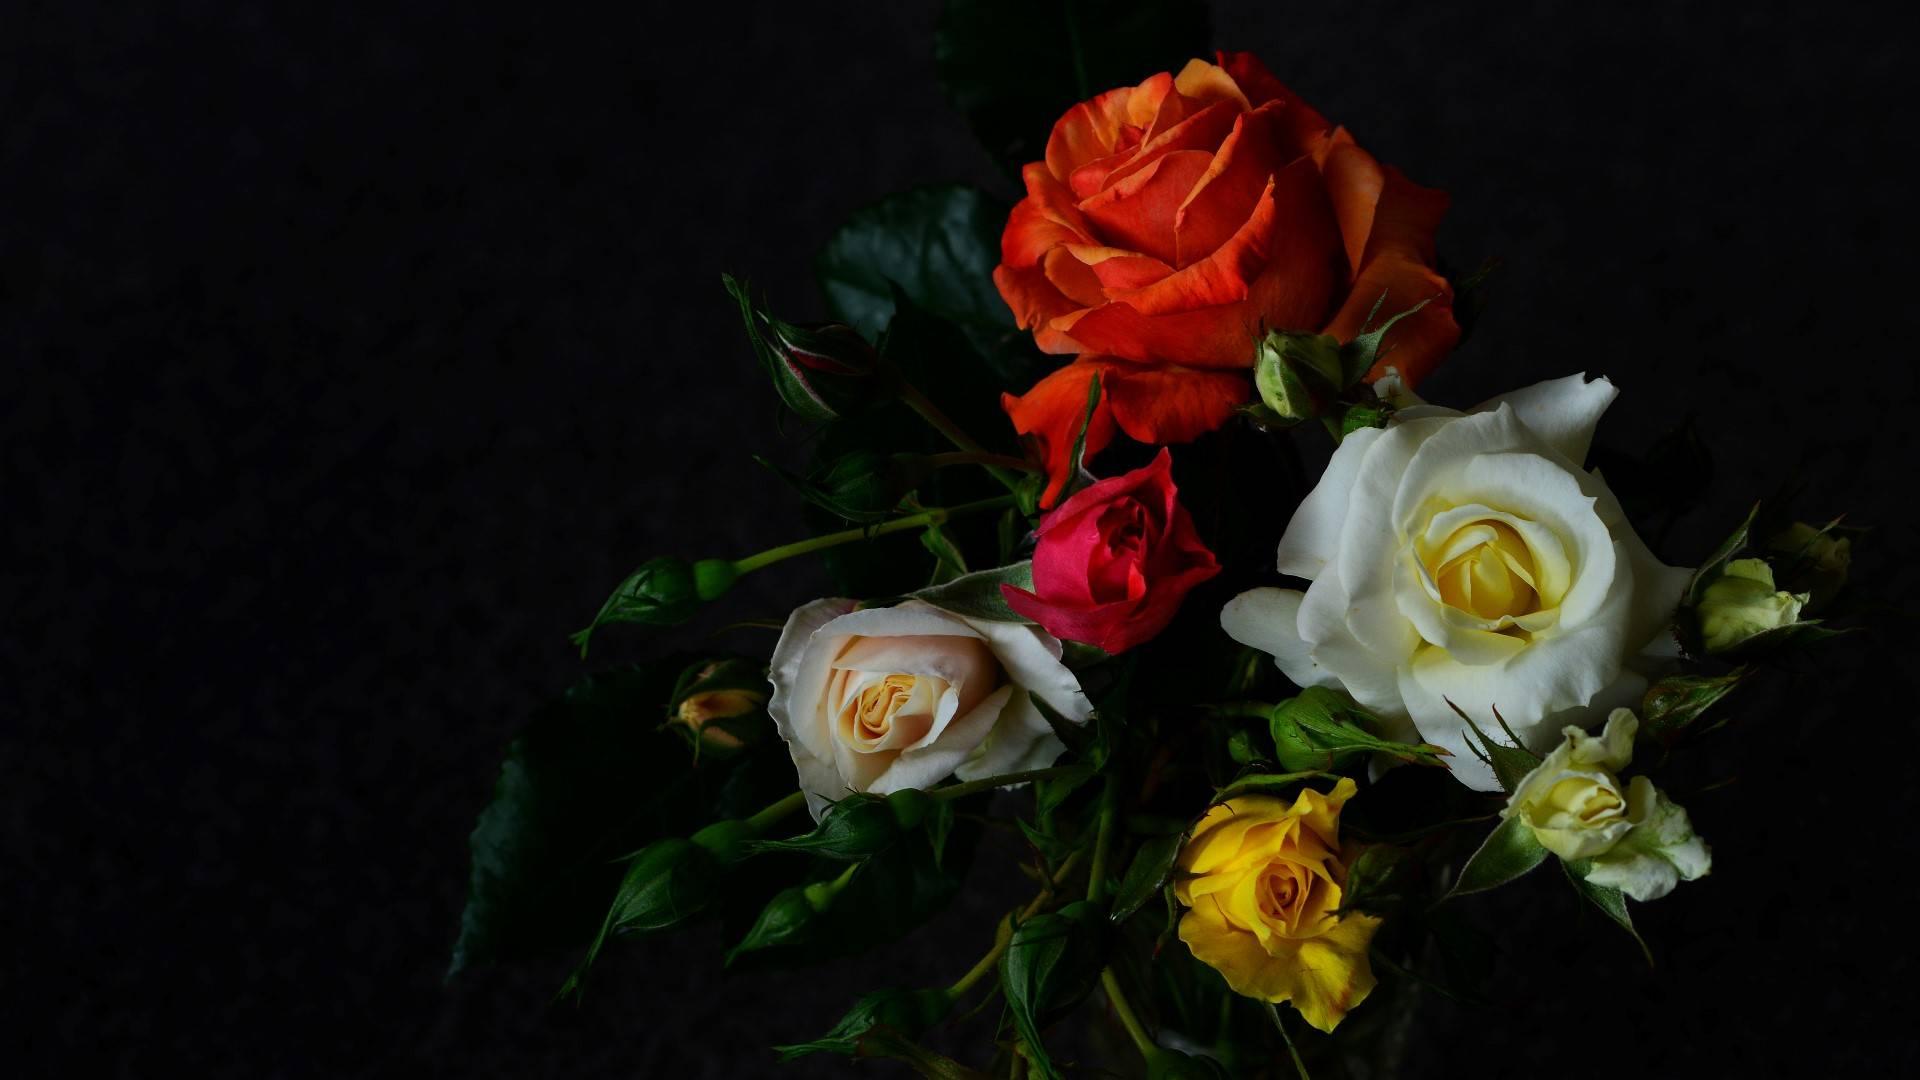 Красивые картинки розы на черном фоне, шоколадница шаблон день
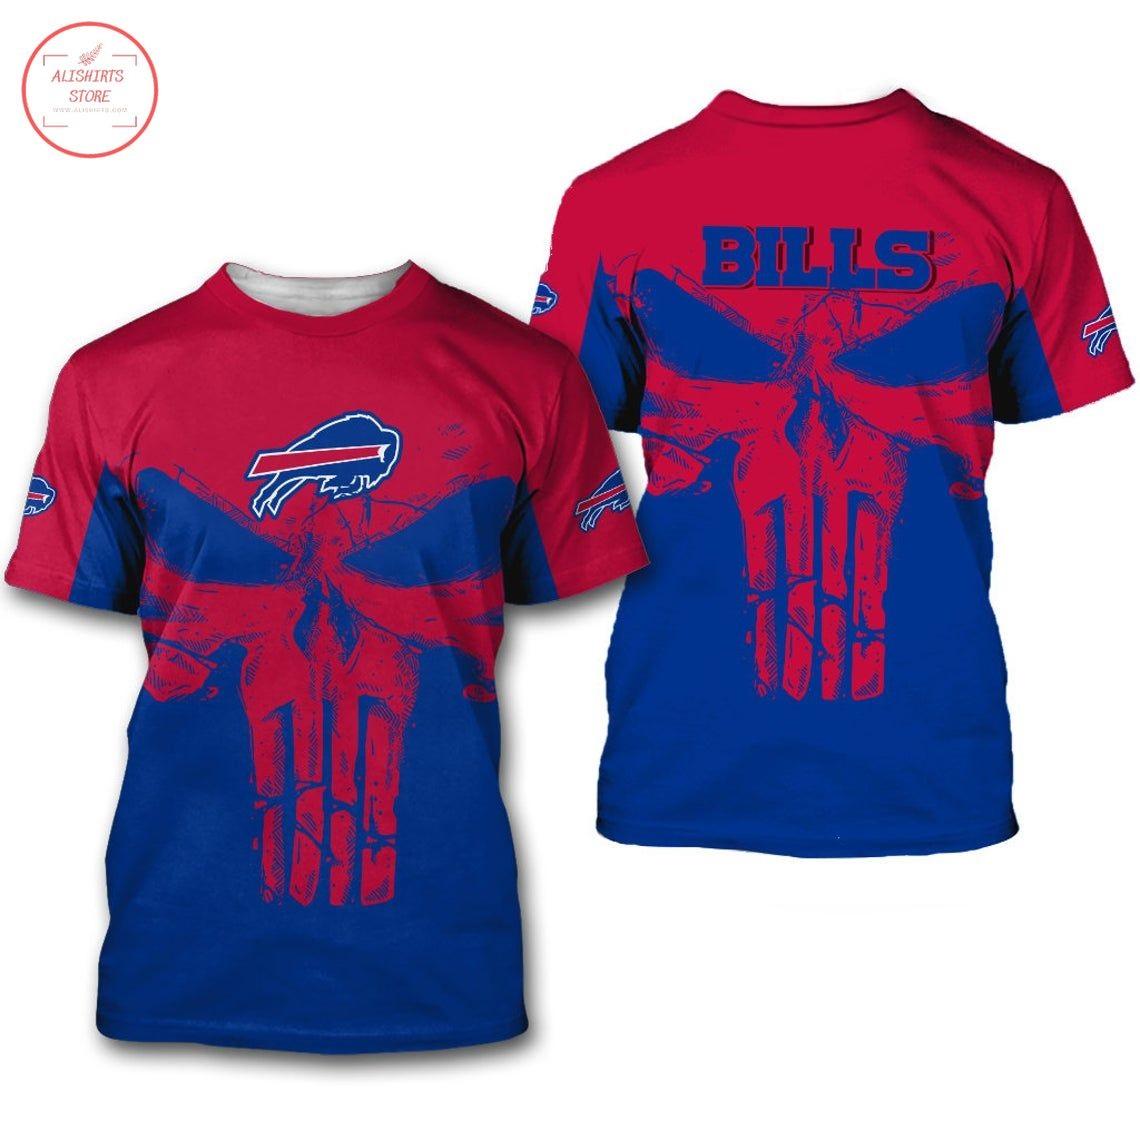 Buffalo Bills NFL Punisher Skull Shirt
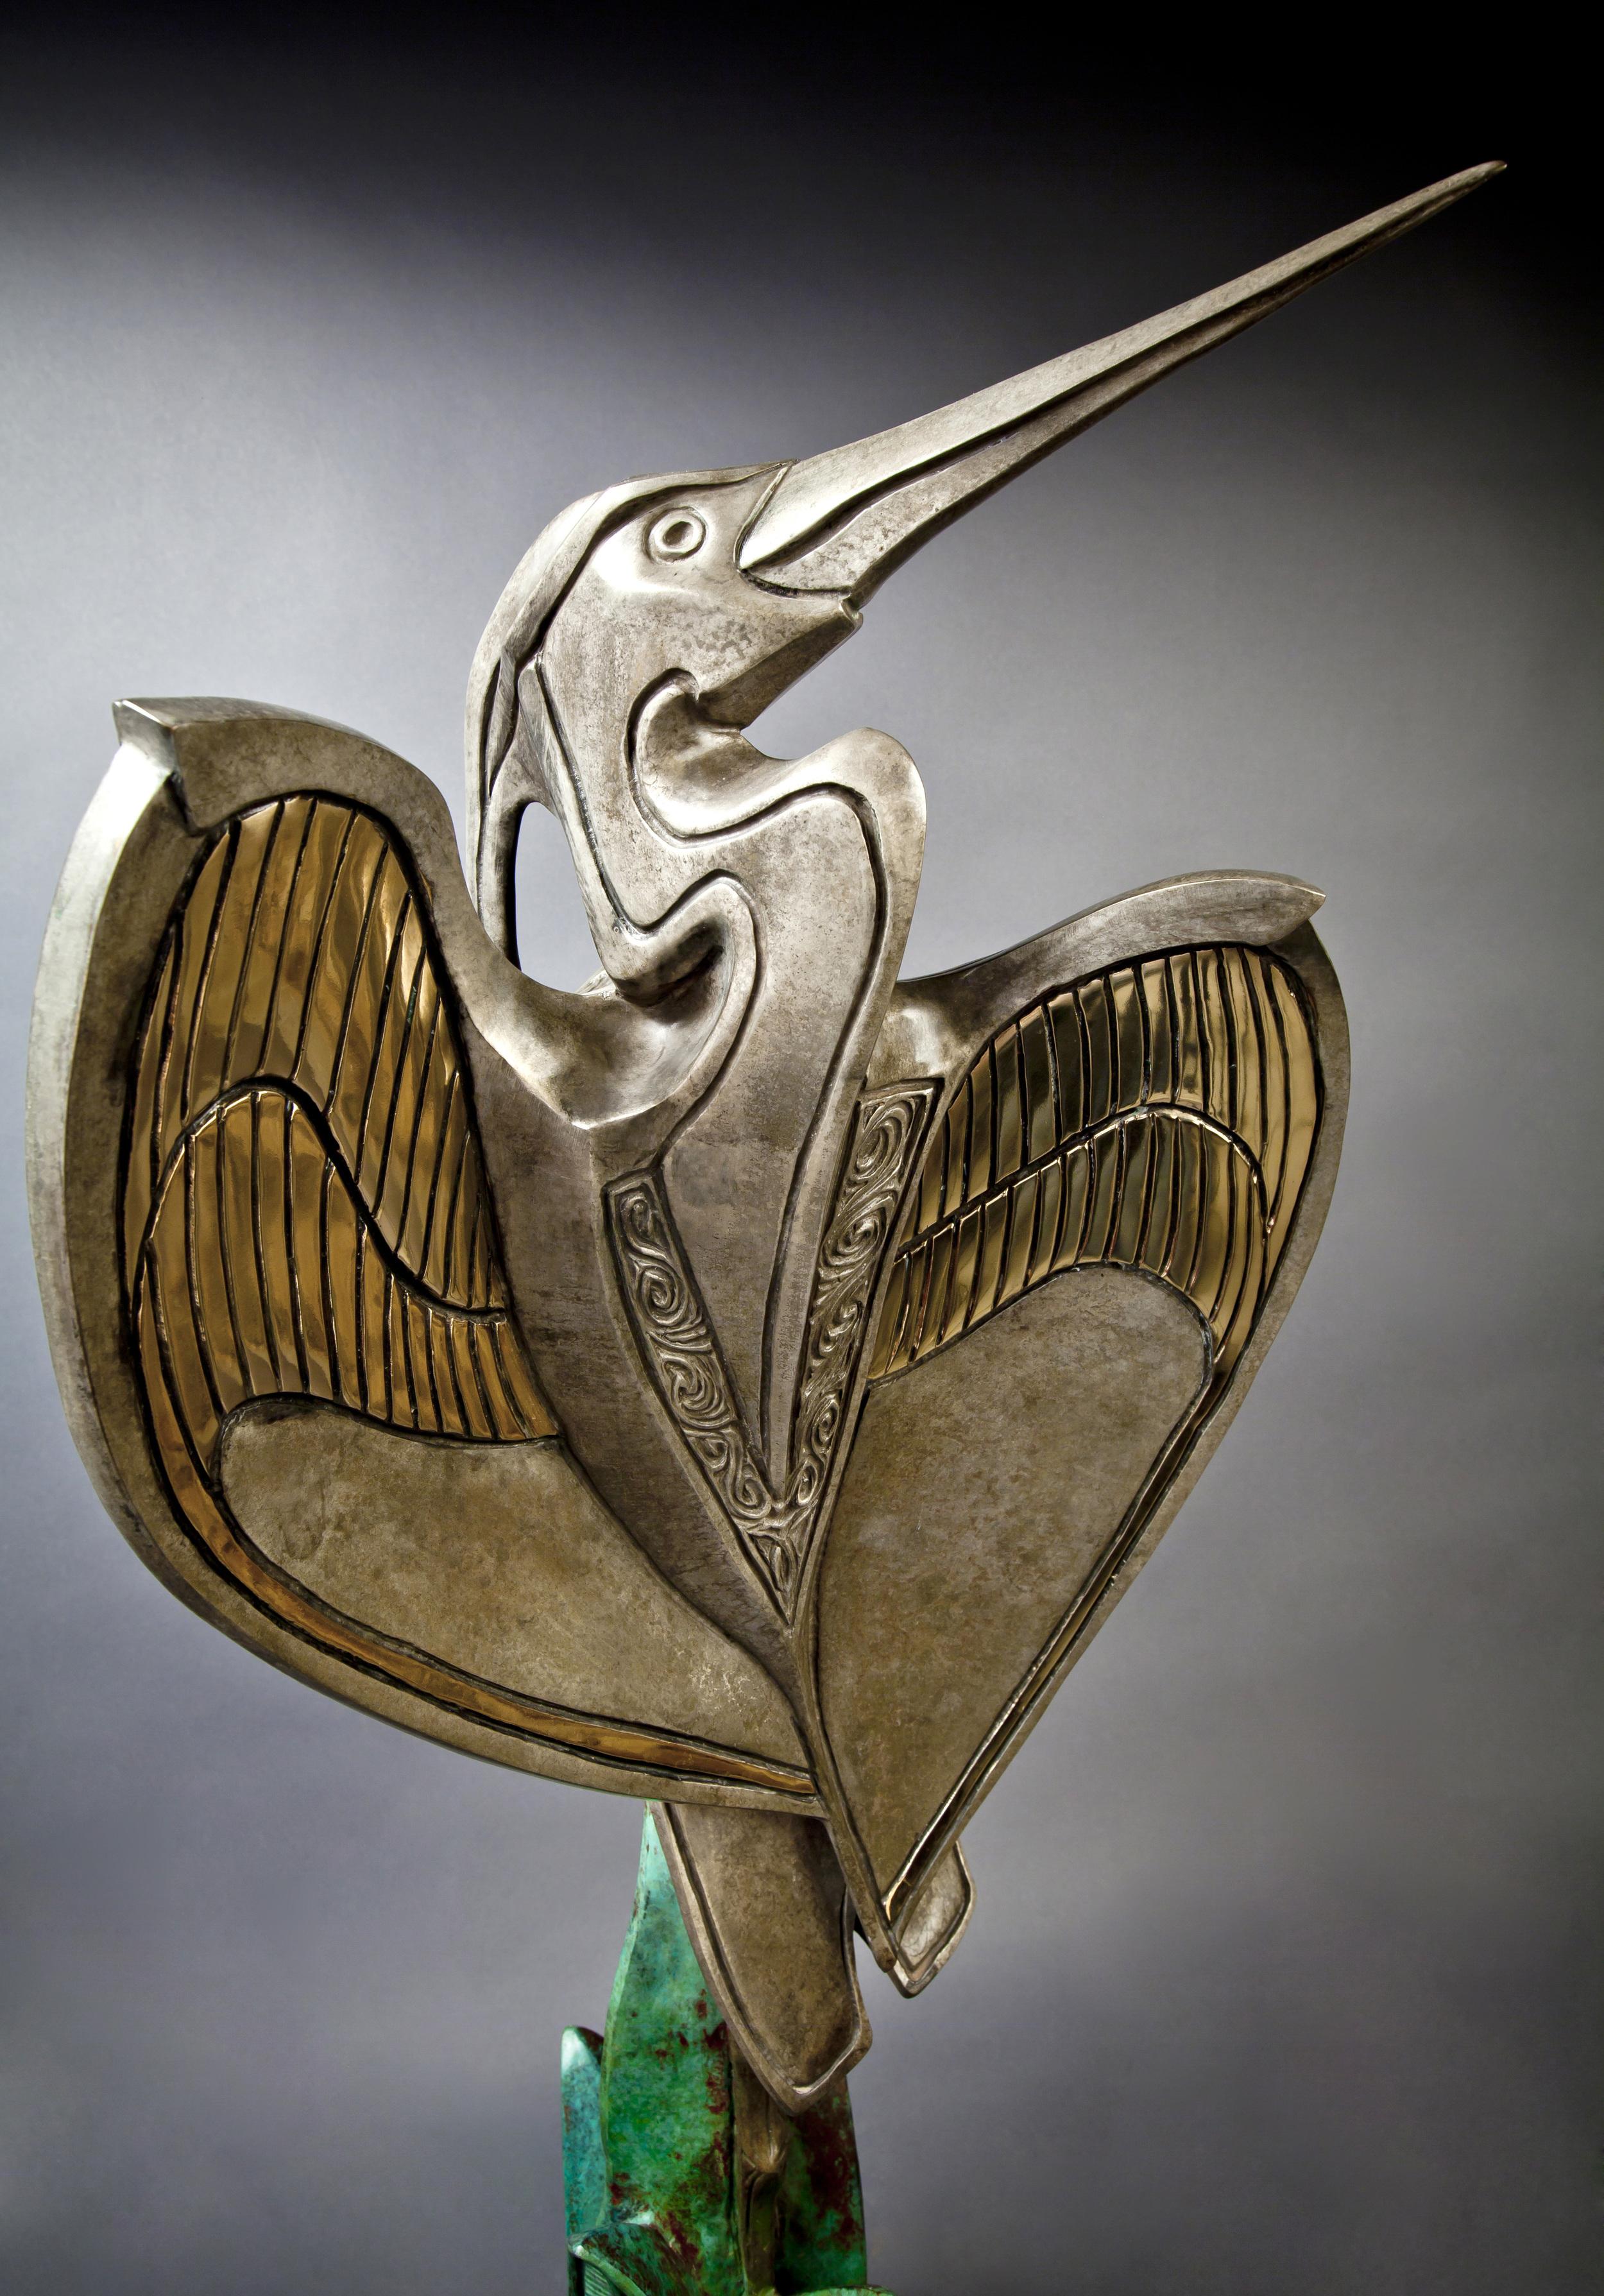 Bronze-Heron-by-John-Maisano-10.jpg

──────

## WHAT TO WORK ON
Give the listing above again word for word, without its pictures.

## EXPECTED ANSWER
 Красивые картинки розы на черном фоне, шоколадница шаблон день
 Buffalo Bills NFL Punisher Skull Shirt
 Bronze-Heron-by-John-Maisano-10.jpg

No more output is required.